== Your objective ==
Reproduce the data that follows character for character, but omit its pictures.

== Data below ==
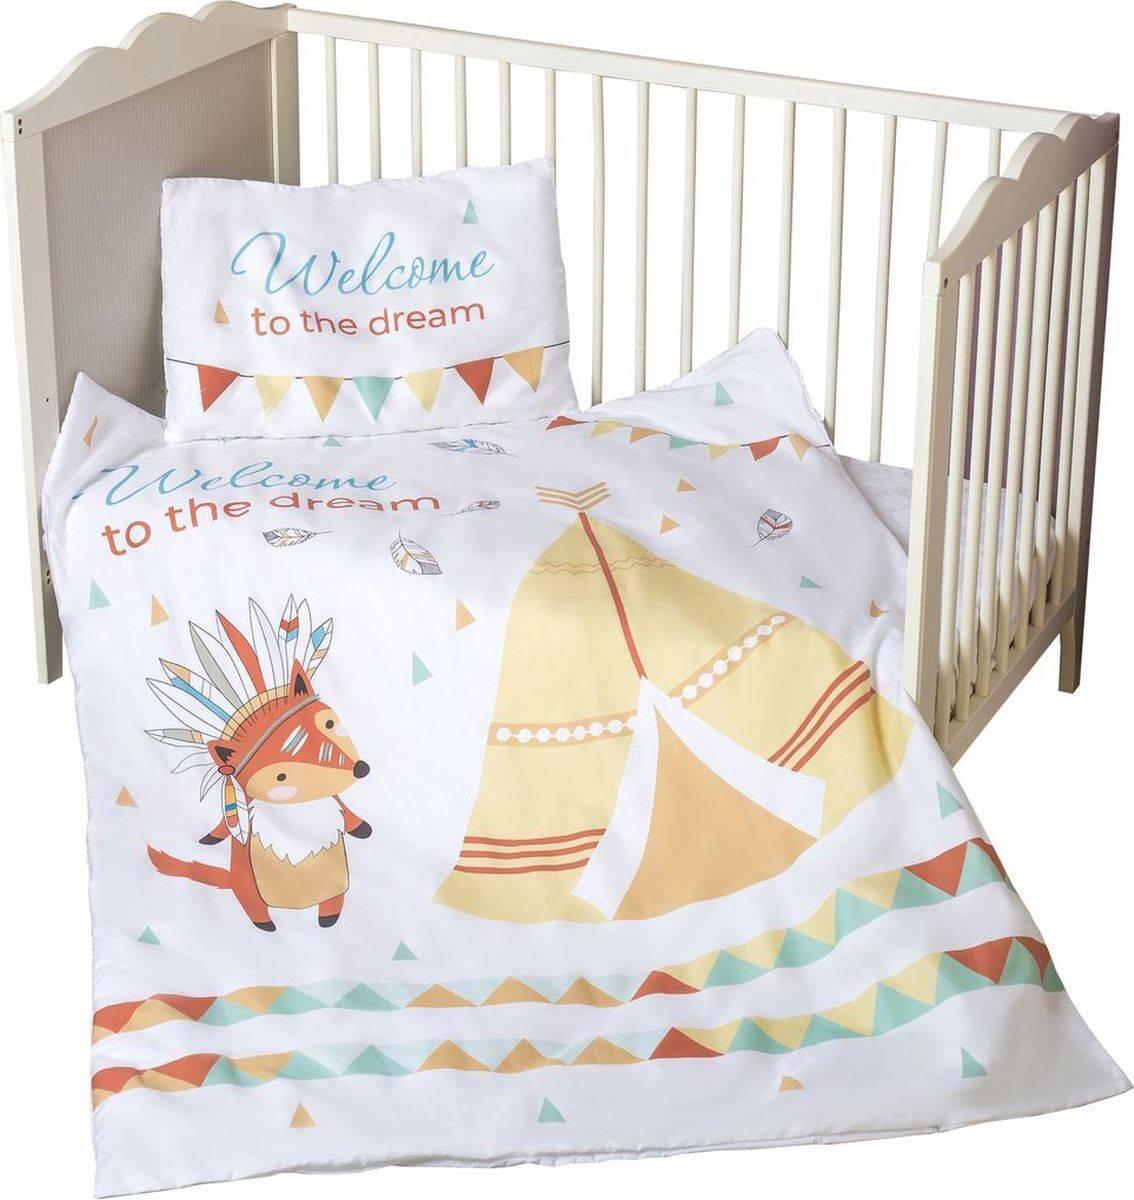 Постельное белье для новорожденных в кроватку детское. комплект постельного белья для новорожденного: сколько комплектов нужно
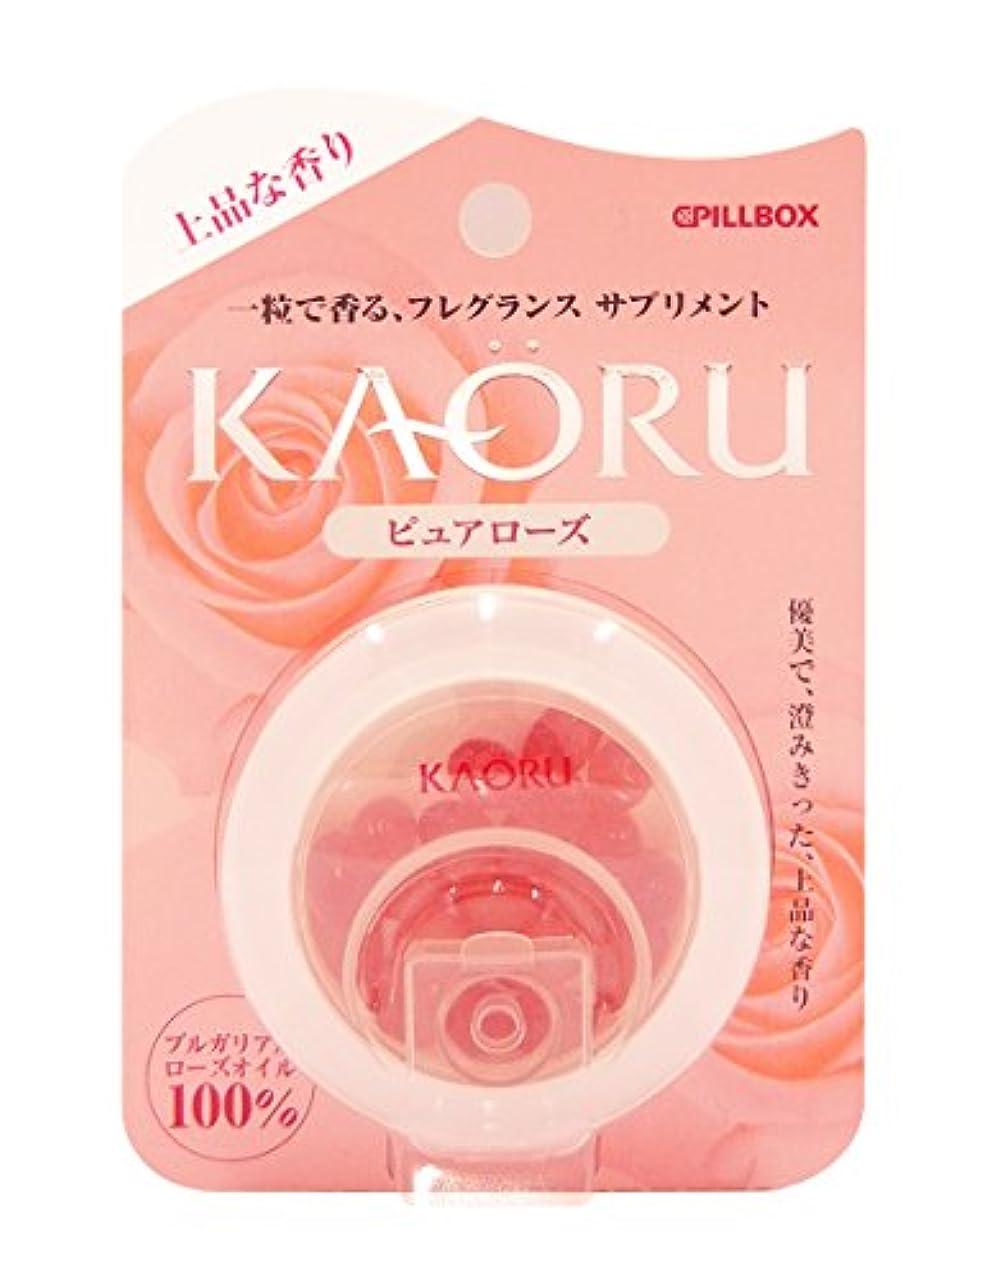 クラッシュ引き出し腰フレグランスサプリメント KAORU (ピュアローズ)
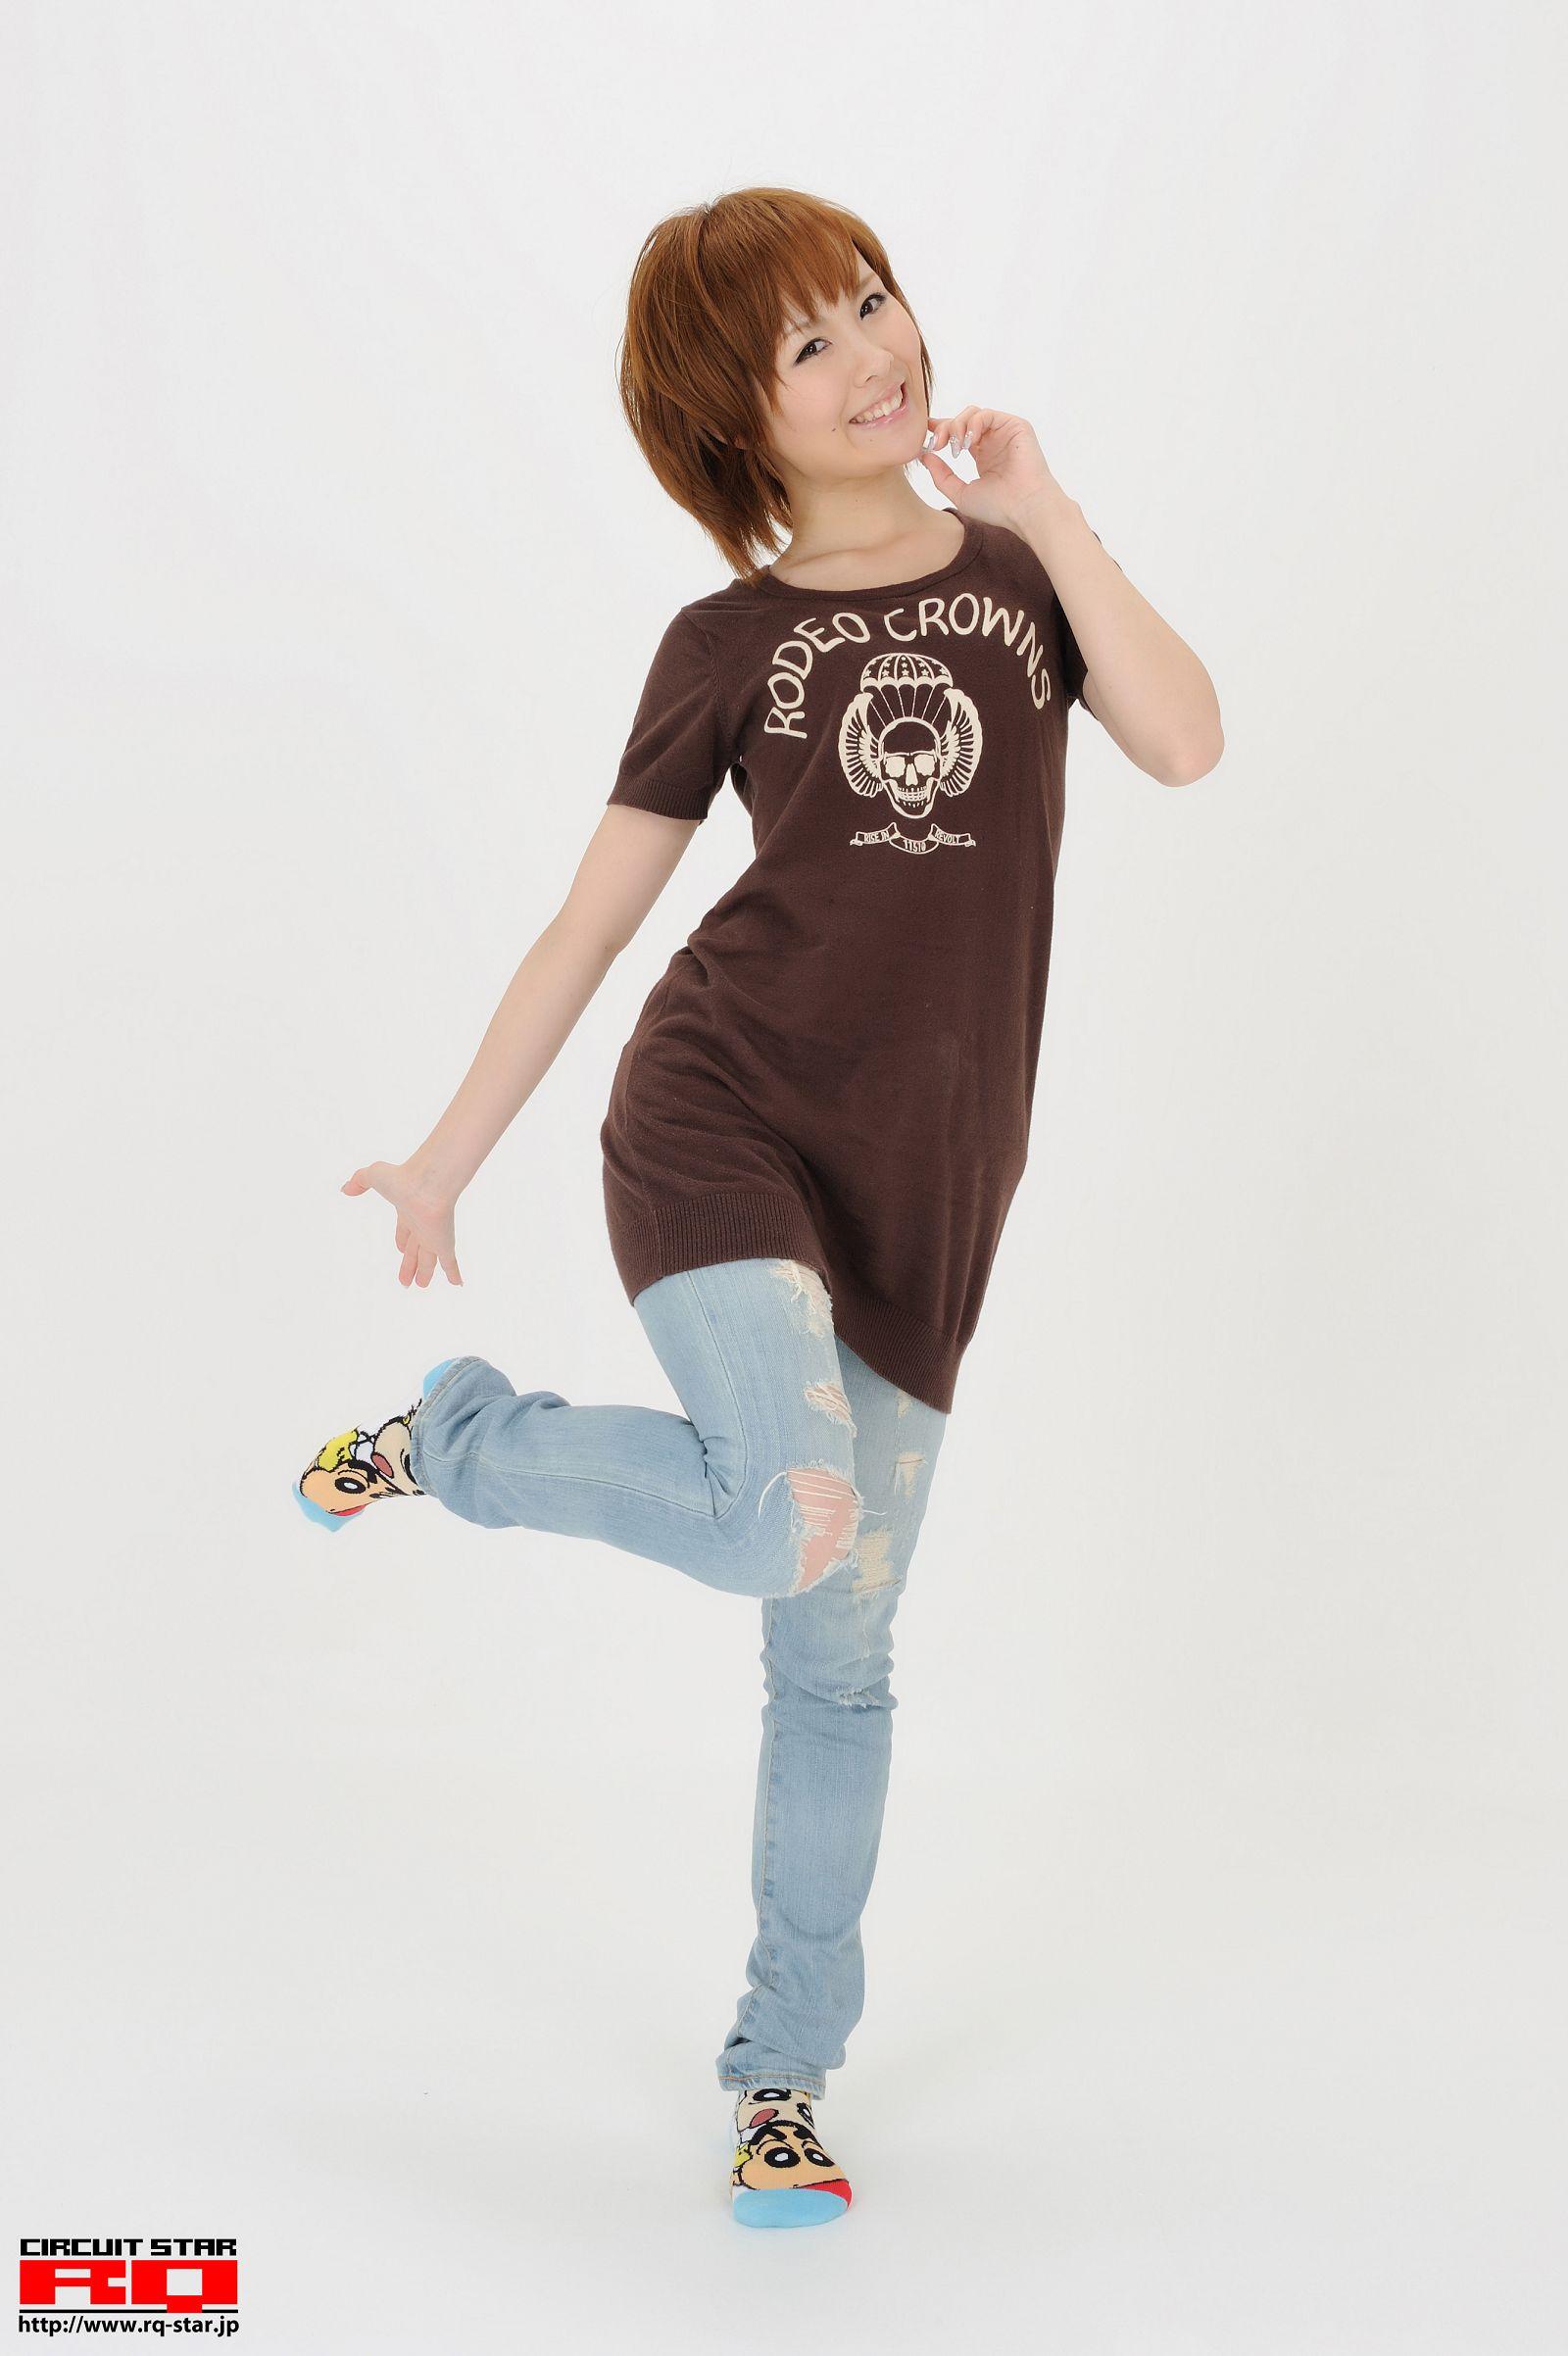 [RQ STAR美女] NO.00480 Sayu Kuramochi 倉持さゆ Private Dress[95P] RQ STAR 第3张

== Reply ==
 Постельное белье для новорожденных в кроватку детское. комплект постельного белья для новорожденного: сколько комплектов нужно
 クラッシュ引き出し腰フレグランスサプリメント KAORU (ピュアローズ)
 [RQ STAR美女] NO.00480 Sayu Kuramochi 倉持さゆ Private Dress[95P] RQ STAR 第3张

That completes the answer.